# Exercise details
Only one span of the material below is wanted. Output it exactly, from the line with "superfood mask, maszk, 7th" through the line with "ELNET - 1st", without any pictures.

# Task inputs

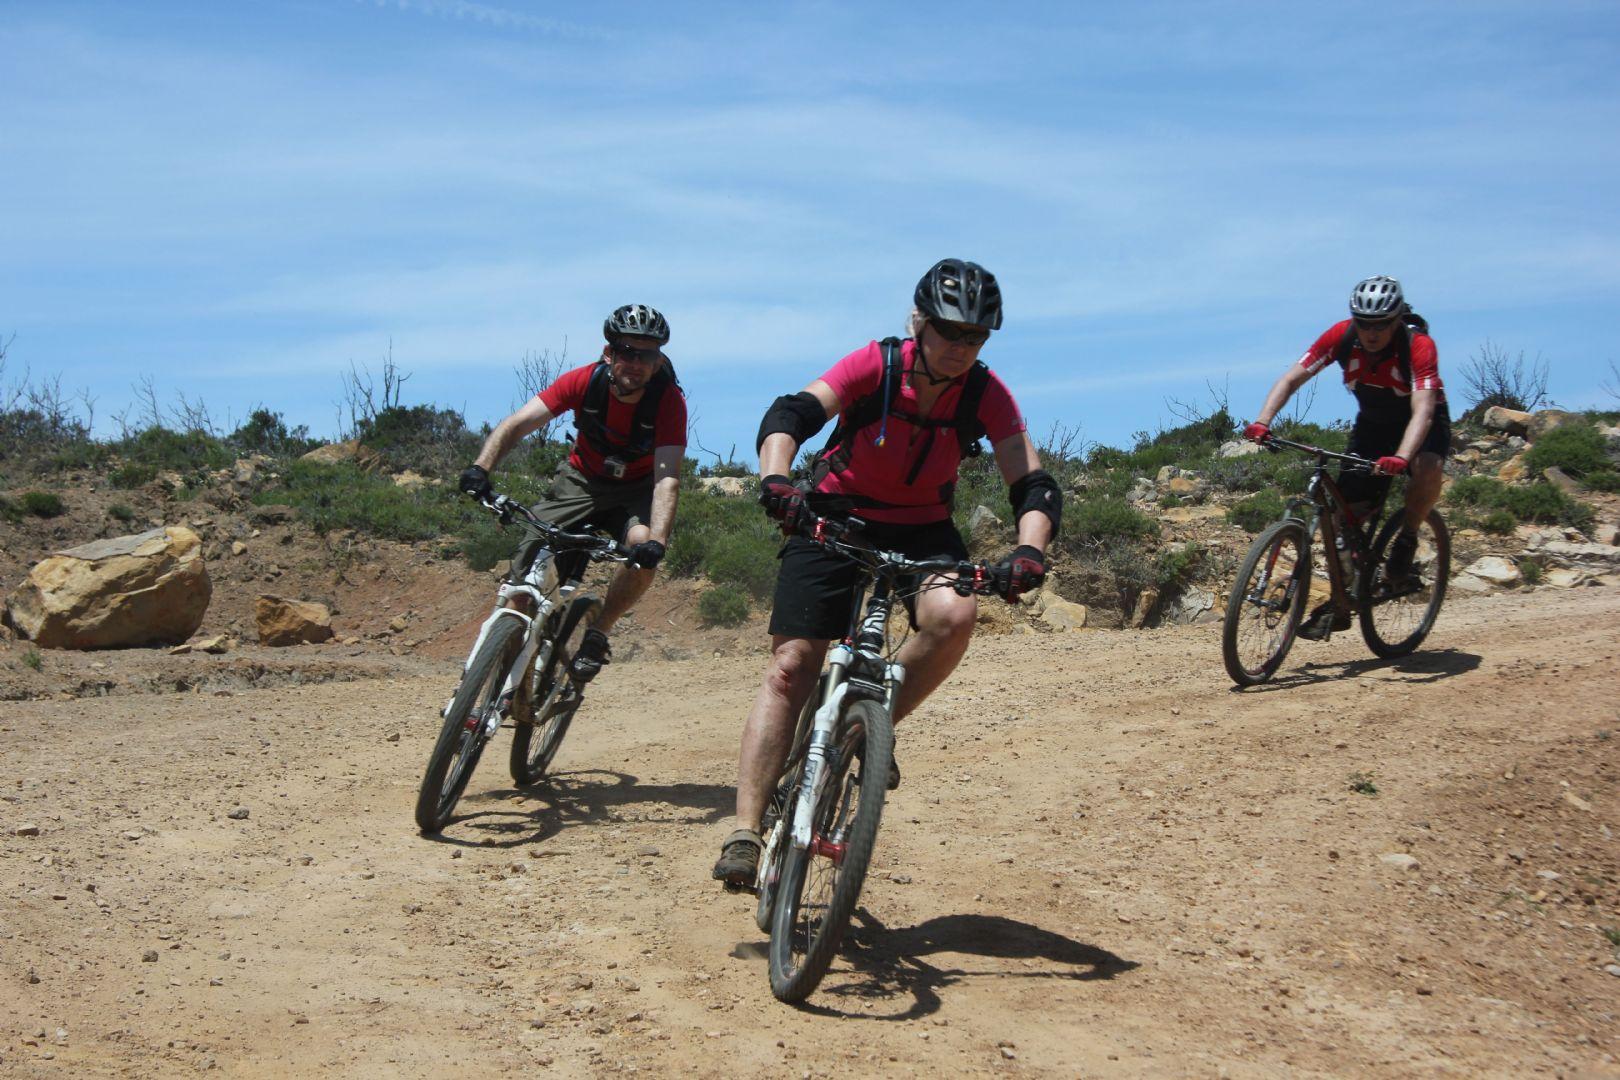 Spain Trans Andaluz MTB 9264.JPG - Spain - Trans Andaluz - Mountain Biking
==
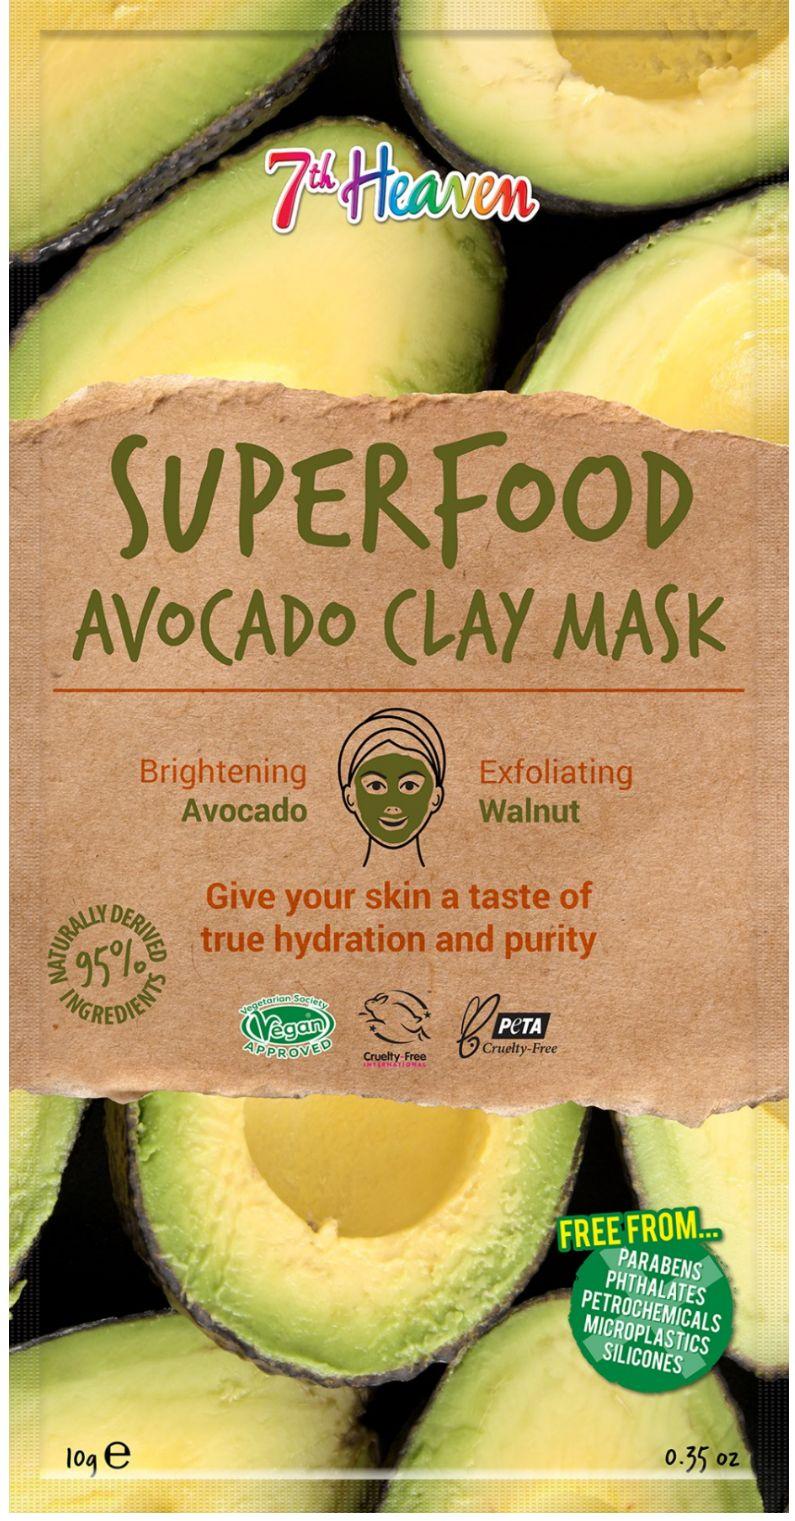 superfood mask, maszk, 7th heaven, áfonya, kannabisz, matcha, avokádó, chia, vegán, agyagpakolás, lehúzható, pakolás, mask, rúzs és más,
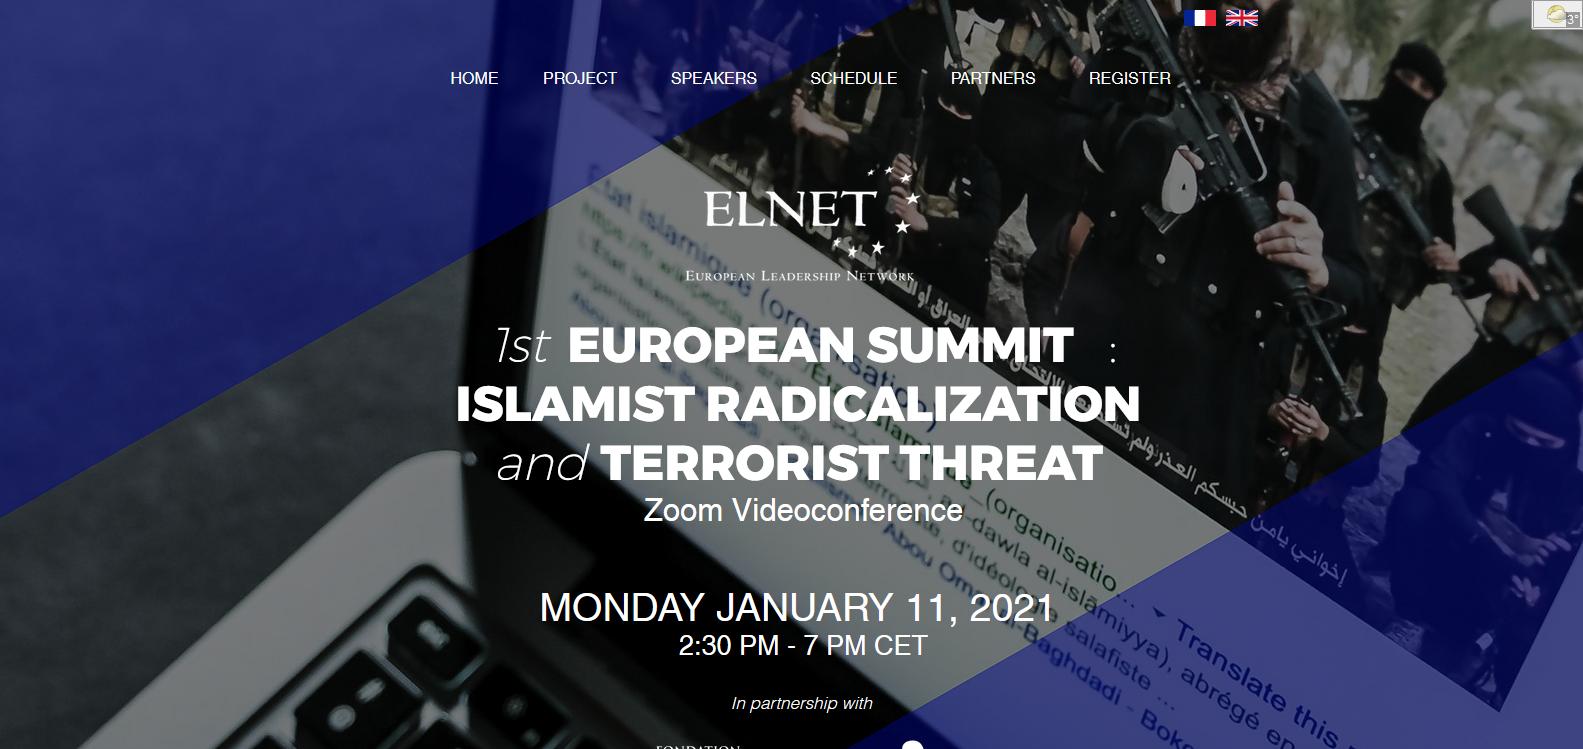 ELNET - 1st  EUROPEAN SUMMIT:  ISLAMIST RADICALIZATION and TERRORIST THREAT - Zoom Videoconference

# Output for this exercise
 superfood mask, maszk, 7th heaven, áfonya, kannabisz, matcha, avokádó, chia, vegán, agyagpakolás, lehúzható, pakolás, mask, rúzs és más,
 ELNET - 1st  EUROPEAN SUMMIT:  ISLAMIST RADICALIZATION and TERRORIST THREAT - Zoom Videoconference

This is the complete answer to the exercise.